HobbitLong / CMC

[arXiv 2019] "Contrastive Multiview Coding", also contains implementations for MoCo and InstDis
BSD 2-Clause "Simplified" License
1.3k stars 179 forks source link

Convention for number of convolutions in AlexNet #11

Open macaodha opened 5 years ago

macaodha commented 5 years ago

Hi there,

This is a bit of a meta-question.

I noticed that your code uses the original AlexNet parameters i.e. with convolutions 96,256,384,384,256 vs. the one weird trick paper 64,192,384,256,256 that is the standard in the official PyTorch implementation.

In comparison, Feng et al. at CVPR 2019 use the smaller version of AlexNet in their code.

I was wondering if there was a standard for which version of AlexNet should be used in the self-supervised literature, and if it even makes a difference?

Thanks

HobbitLong commented 5 years ago

Hi, @macaodha ,

Good question!
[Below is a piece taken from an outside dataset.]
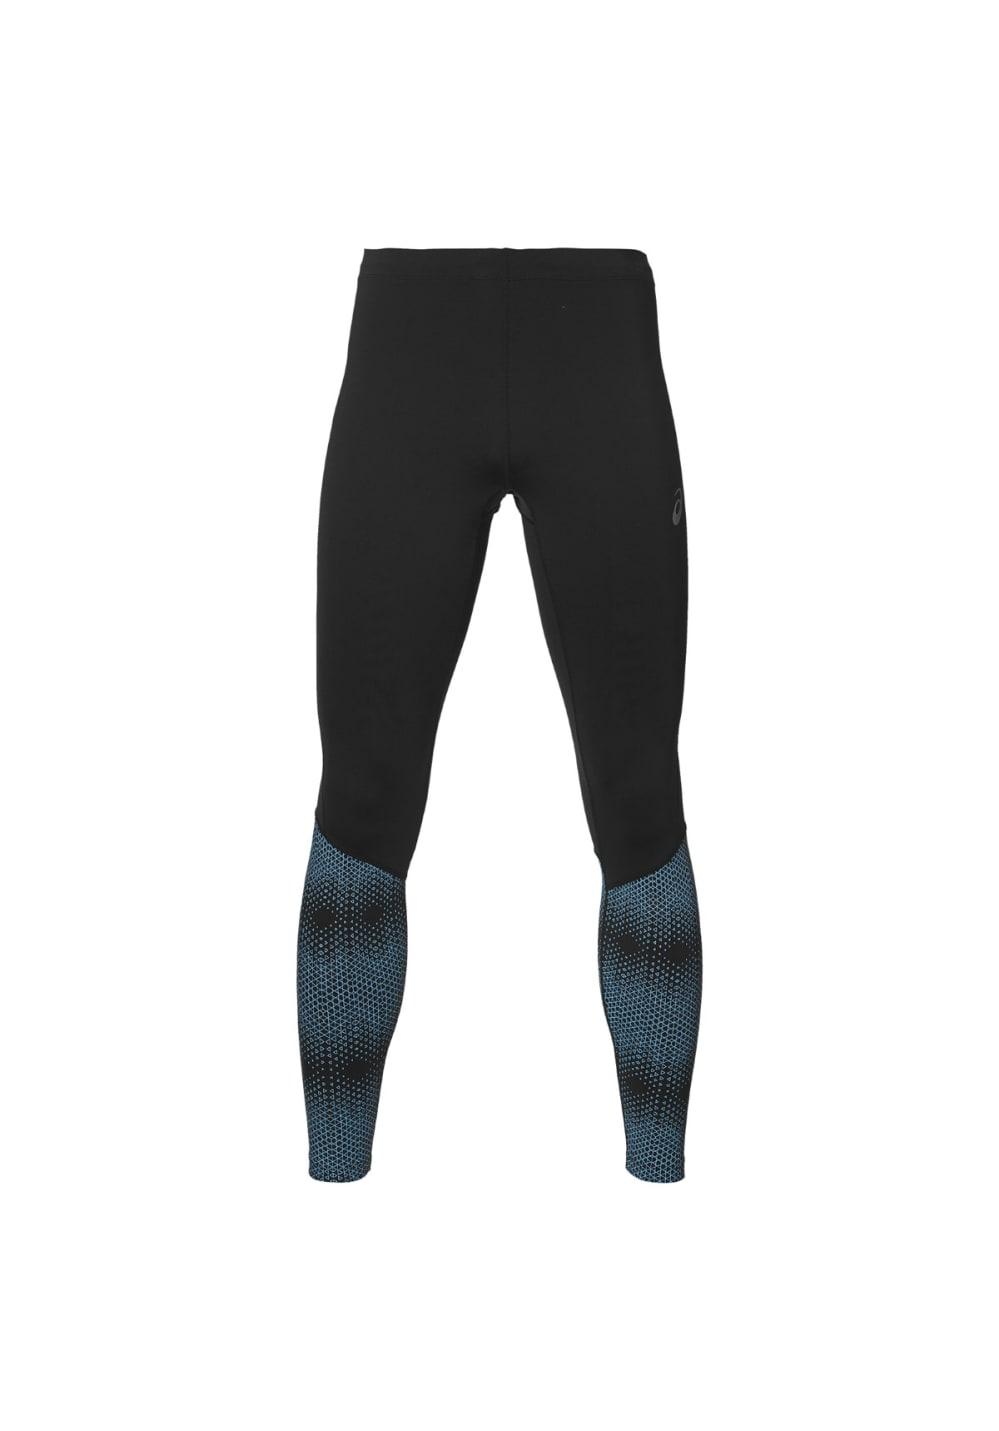 b3a4db95 ASICS Race Tight - Running trousers for Men - Black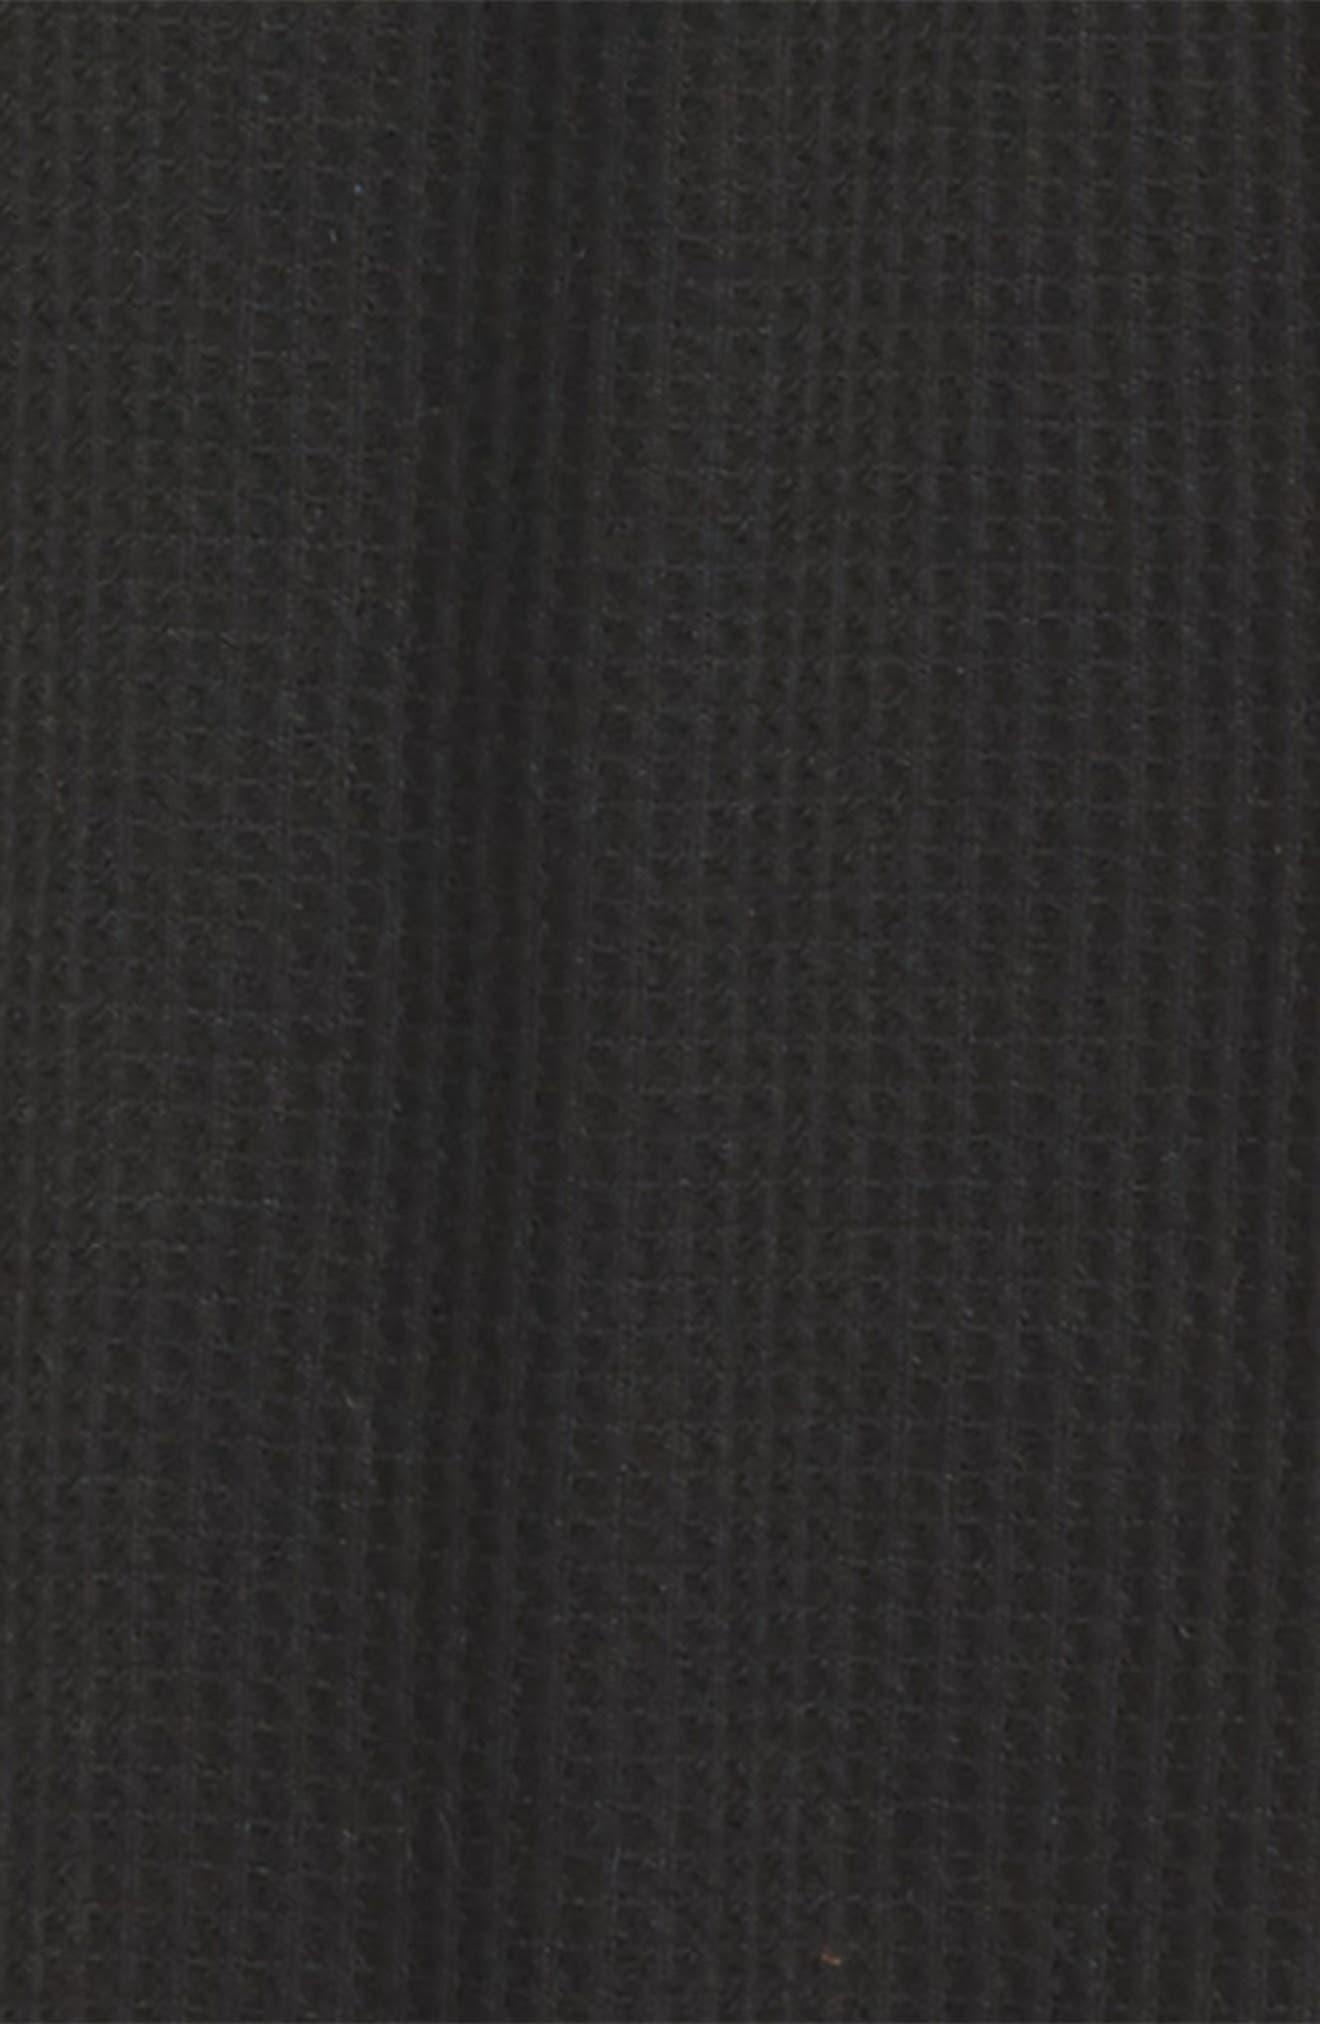 Jude Thermal Knit Jogger Pants,                             Alternate thumbnail 2, color,                             001

I think most of the previous literature used the so-called CaffeNet from the original caffe team, which should be 96,256,384,384,256.

Here my model is also not the standard CaffeNet, in the sense that we split it into two parts. This will halve the number of parameters as well.

Have you tried both of the two models you mentioned to see the performance gap? I feel it would not be very big but I haven't got a chance to figure it out yet.

macaodha commented 5 years ago

Thanks for the reply!

I'll let you know if I look into this.